Learning Data Science: Day 13 - Random Forest

4 min readJan 12, 2017

In the previous story, we have learned about Decision Tree. We have known several advantages of using Decision Tree. It train and predict fast, which SVM or kNN didn’t. It is also easy to understand and interpret. But, what if the decision tree doesn’t perform well? We could take decision tree to a different level by learning multiple trees at the same time. So, the idea to improve Decision Tree is to train multiple trees with different training data. So, each tree will be slightly different to each other. How? By applying Bootstrap Aggregating.

Bootstrap

The problem with learning multiple trees is the training data set. In some cases, it is easier to found a big dataset, but sometimes it is not the case. Let’s say to fetch the dataset we have to conduct a research that took a long time or a lot of costs, that will be a problem. One good alternative is by doing bootstrap. Basically, bootstrap it trying to optimize the dataset we already have.

The illustration looks like above figure. Let’s say we have N data points in our dataset. From those dataset we able to create bootstrap samples from multiple data points from the original training sample. Even though we take it from the training sample, we took the data points randomly. Then we do it multiple times up until we got the number of bootstrap samples we want.

A fairly simple example, let’s say we have

Training sample: 1, 2, 3

Now we want to create two bootstrap sample, and now the two bootstrap samples will have values

First bootstrap sample: 1, 1, 2
Second bootstrap sample: 2, 3, 3

If you notice all the values included in bootstrap samples will be sampled randomly from the training sample. Some of the values will occur in more than one bootstrap sample. In this case, the same occurrence in both the bootstrap is 2. But we will be fine with that.

Some of you might wonder if we can do cross validation or not. Well, the problem in bootstrap is that we can’t cross-validate due a lot of overlap in bootstrap datasets. As basic information, the probability of choosing n in N draws is about 0.632.

Bootstrap Aggregating

Bootstrap aggregating or sometimes shortened to Bagging, is basically applying bootstrap samples to learn multiple decision trees. Because the bootstrap datasets have slight differences between all them, all the trees will not be exactly the same. There will always be differences. These makes the probabilities of getting good trees higher rather than if we only have a single decision tree.

Multiple decision trees from multiple bootstrap samples.

With different decision tree, we can get different class boundaries too. The picture below is an example of the bagging results.

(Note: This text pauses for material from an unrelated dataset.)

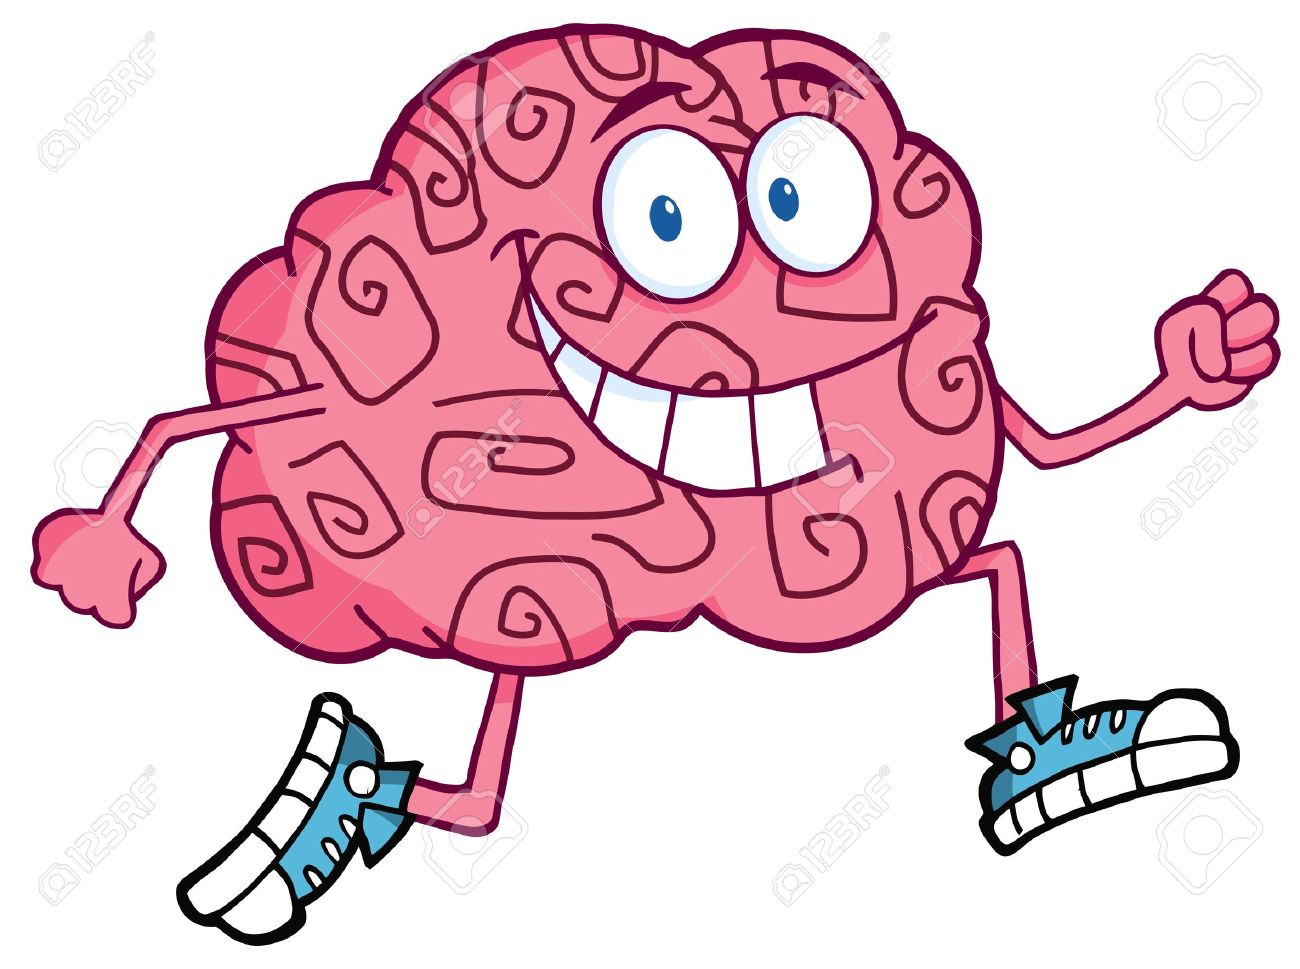 Running Brain Cartoon Character Stock Vector - 10391659

The light green lines indicate every single boundary line created by each decision tree. Then from those multiple boundary lines, we take the average so now we have a single smoother boundary line that indicated by the bold green line.

By using bagging, it will reduce overfitting of the model. Bagging is not only able to be applicable with a decision tree, it able to be used in other kinds of classifiers. The problem with bagging is that is not going to improve linear models, since when we averaging linear models we will get the same linear line. The other advantage with bagging is that it is easy to parallelize because each bootstrap sample doesn’t correlate with the other.

Random Forest

Random forest take Bagging to a different level, it is one of the best among classification algorithm. The basic concept of random forest is that a group of weak learners can form a strong learner. Rather than having deep trees, random forest aggregating the output from many shallow trees with different random features evaluated. By doing this degree of randomness, the probability of having good trees is getting higher.

In random forest, all trees are fully grown and there is no tree pruning. The parameters that we able to tune are the number of trees and the features.

Out of Bag Error

It is a technique to measure error for random forest. From the whole original data points, left out 1/3 of the data points to not be used in the construction of the trees. When building the trees, we also test the trees using the 1/3 of data points that’s not used to train the model. It is very similar to cross-validation. However, it is measured during training.

Wrap Up

Today, we have discussed more improvement of an ordinary decision tree that is called as Bagging. We also take it to another level with random forest. If you have more knowledge about this topic that I’m not talked about it yet, please let me know on the response below or you can also give me suggestions for my future writing. Happy learning!